A further frequent barrier to health care transformation is a lack of robust infrastructure and resources to measure and report patient-centered outcomes and inform system improvement, particularly given the overworked and exhausted health care workforce.

Appropriate risk adjustment is essential when assessing performance metrics to account for differences in populations served and to avoid penalizing organizations that serve vulnerable populations.3 A recent analysis of the US Merit-based Incentive Payment System program found that anesthesiologists who serve low socioeconomic status populations were less likely to receive incentive payments, suggesting insufficient risk adjustment.2 Furthermore, in patients with neurological injury, predictors may differ depending on the type of outcome used.

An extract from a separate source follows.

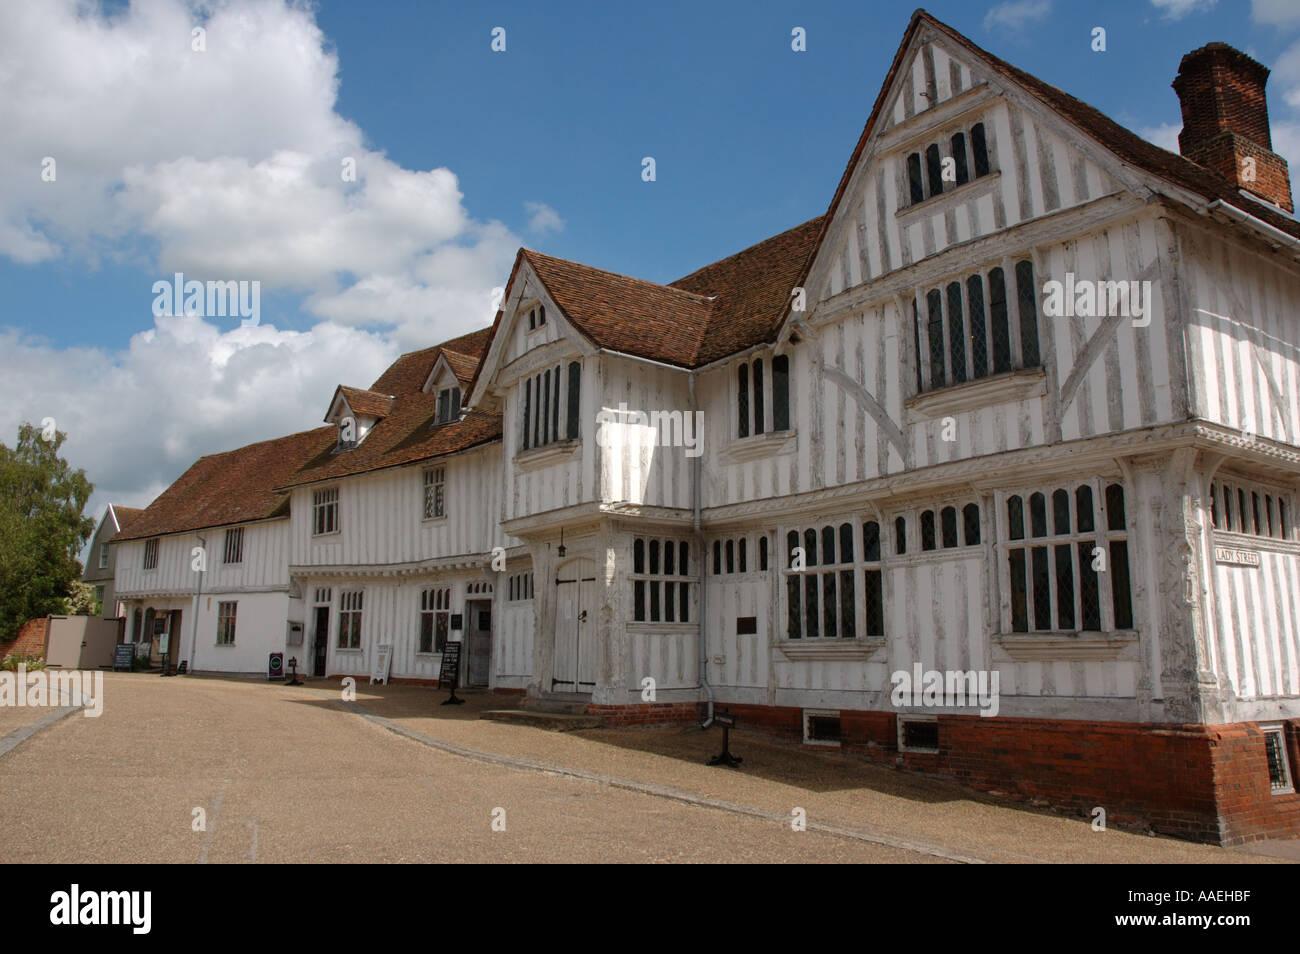 Lavenham Guildhall, Suffolk, UK Stock Photo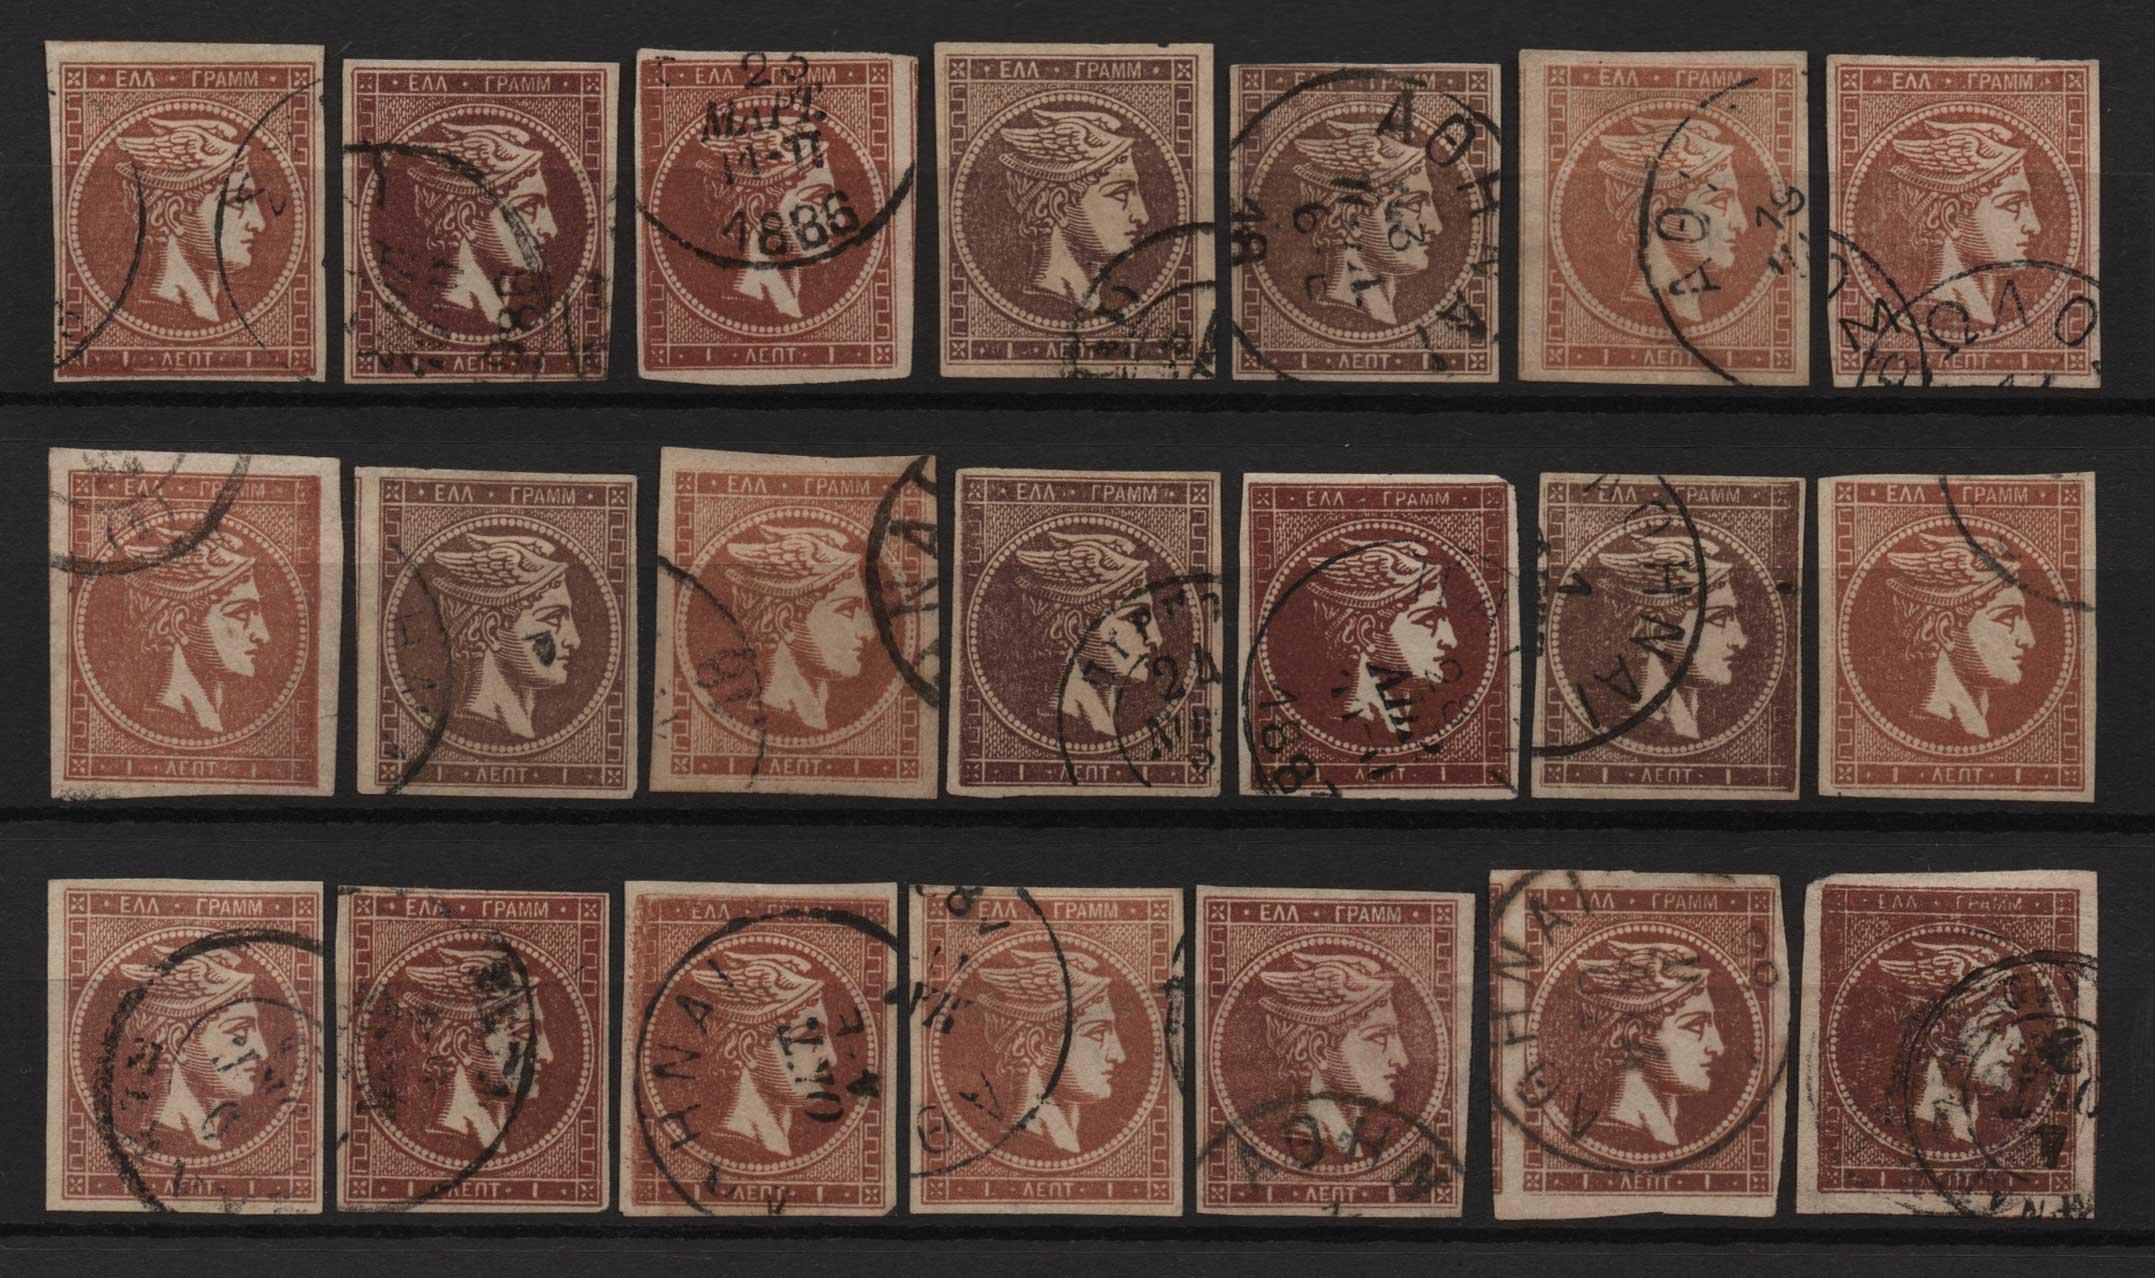 Lot 40 - -  LARGE HERMES HEAD large hermes head -  Athens Auctions Public Auction 76 General Stamp Sale

For example, predictors of 3-month EQ-5D differed considerably from the predictors of other clinical outcomes, such as mortality and modified Rankin Scale, after ischemic stroke.35 Overall, optimal risk adjustment for patients with neurological conditions requires further investigation to determine optimal disease-specific outcome measures and appropriate risk adjustment for meaningful comparison.

CONCLUSION

Health care systems are facing increased pressures, providing incentive to evolve toward a model of value-based care with strong QI programs. Neuroanesthesiologists should apply these frameworks to the care of patients with neurological disease by identifying and measuring disease-specific, patient-centered outcomes, by developing multidisciplinary teams, by applying continuous QI, and by increasing efficiency. Applying these concepts will support surgical patients with neurological disease to retain capabilities, receive health care without chaos, and minimize pain and suffering.

ACKNOWLEDGMENTS

A.M.F. gratefully acknowledges support from the Michael Smith Research BC Foundation (Vancouver, BC, Canada).